Robert Wilson gives us some sneaky details about his next title….
I’m developing new ideas for my latest book at the moment. It’s going to be set in London and I’m looking forward to speaking English in my books, i.e. writing with no Spanish language/cultural filter as I’ve done these last seven years. I’ve been renting flats in places that I either haven’t seen for ages or have never been to before. Although I used to live in Clapham back in the 1980s I realise that most Londoners tread very well-worn paths. So I lived and drank south of the river, my sister was in Wandsworth, I worked in the West End and had friends and girlfriends who worked in Soho. My knowledge centred around the West, centre and South.
When The Ignorance of Blood was launched earlier this year I stayed in Hampstead, where I hadn’t been since I’d had a girlfriend at the Royal Free Hospital in 1982. It’s changed, but not as much as I’d expected. The dominant language in the street was French. My wife heard kids at school-chucking-out time speaking Franglais and the mothers were all French. I had my hair cut by a French woman and asked her what it was all about. She hadn’t noticed the phenomenon and was mystified by my question. She could only think, after a while, that it was because Hampstead ‘was very beautiful and felt cheap to Parisians’, which earned a single raised eyebrow from me.
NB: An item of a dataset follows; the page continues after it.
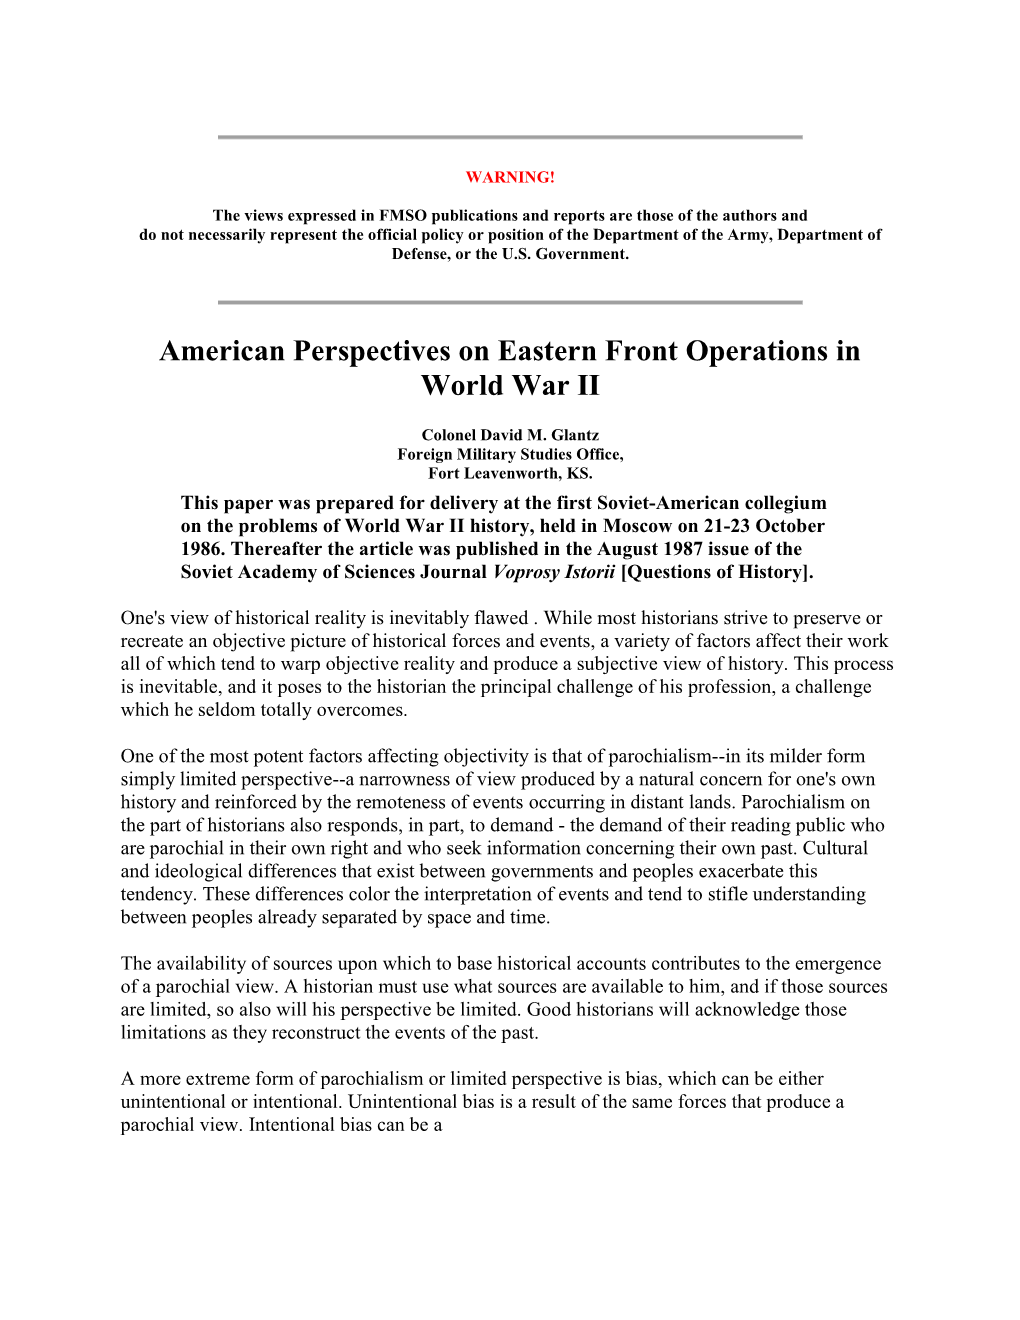 American Perspectives on Eastern Front Operations in World War II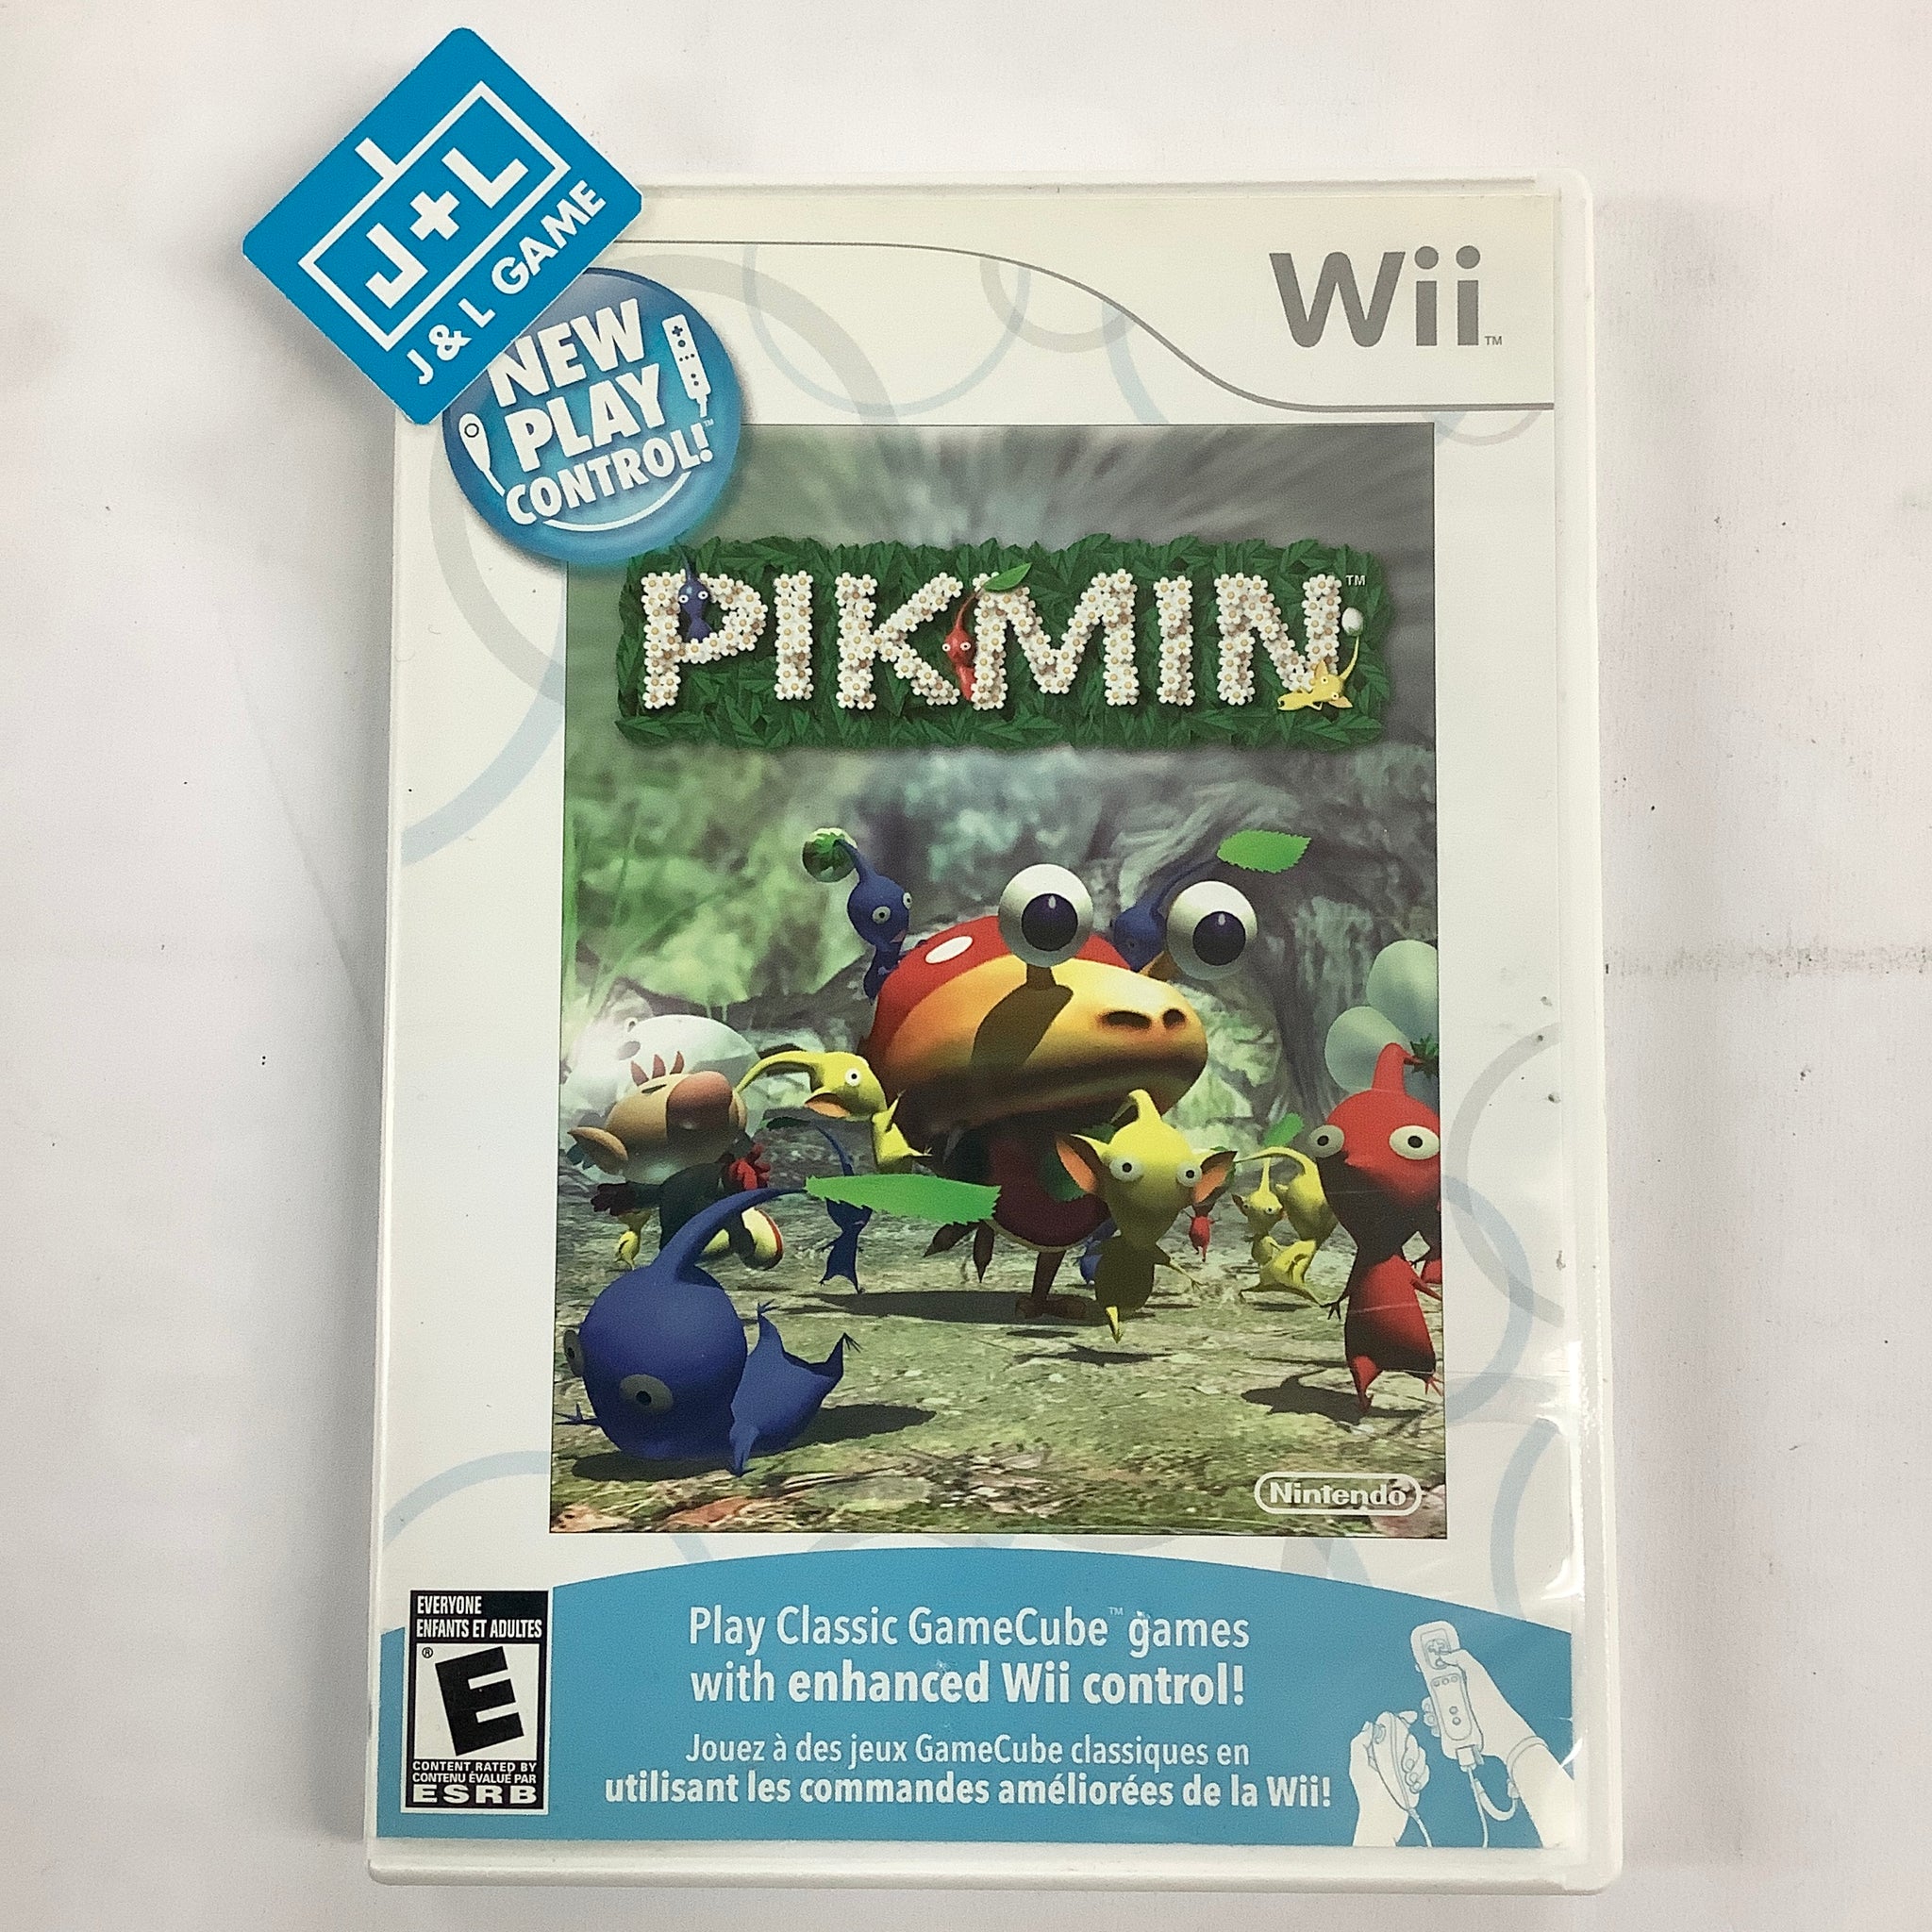 Pikmin (New Play Control!) - Nintendo Wii [Pre-Owned] Video Games Nintendo

The Hampstead estate agencies looked more like ad agencies with highly designed, colourful interiors, replete with fainting couches for English people who couldn’t quite believe the asking prices. It was amazing to see the Heath again: that vast piece of real countryside, rather than park, in the middle of the city. We went up Parliament Hill for a view of the metropolis as the sun was setting on a cold day. One side of No.1, Canada Square out east in the Docklands, was glistening like a gold ingot. It was good to have a pint of Benskins at the Holly Bush tavern, which maintains its panelled interior and those Victorian wood and glass dividers that so many pubs have torn out in favour of open plan and more custom.
I’d never been to Highgate Cemetery and we did the tour through the ivy strewn grave stones and mausoleums, imagining black-plumed horses pulling up with coffins and a funeral procession for Thomas Sayers, a famous prizefighter, whose cortege stretched all the way back into the City. The finest aspect of his grave is that very English thing: the man’s dog. I signed books in the new St Pancras Station and was blown away, as the Victorians must have been, by that vast, arched, glass and steel roof. The new Westfield shopping centre was on my itinerary and, having had my spirit broken by many a lightless concentration of retail therapy, I was surprised. There was sunlight, space and calm, which I suppose meant that people didn’t have any money to spend.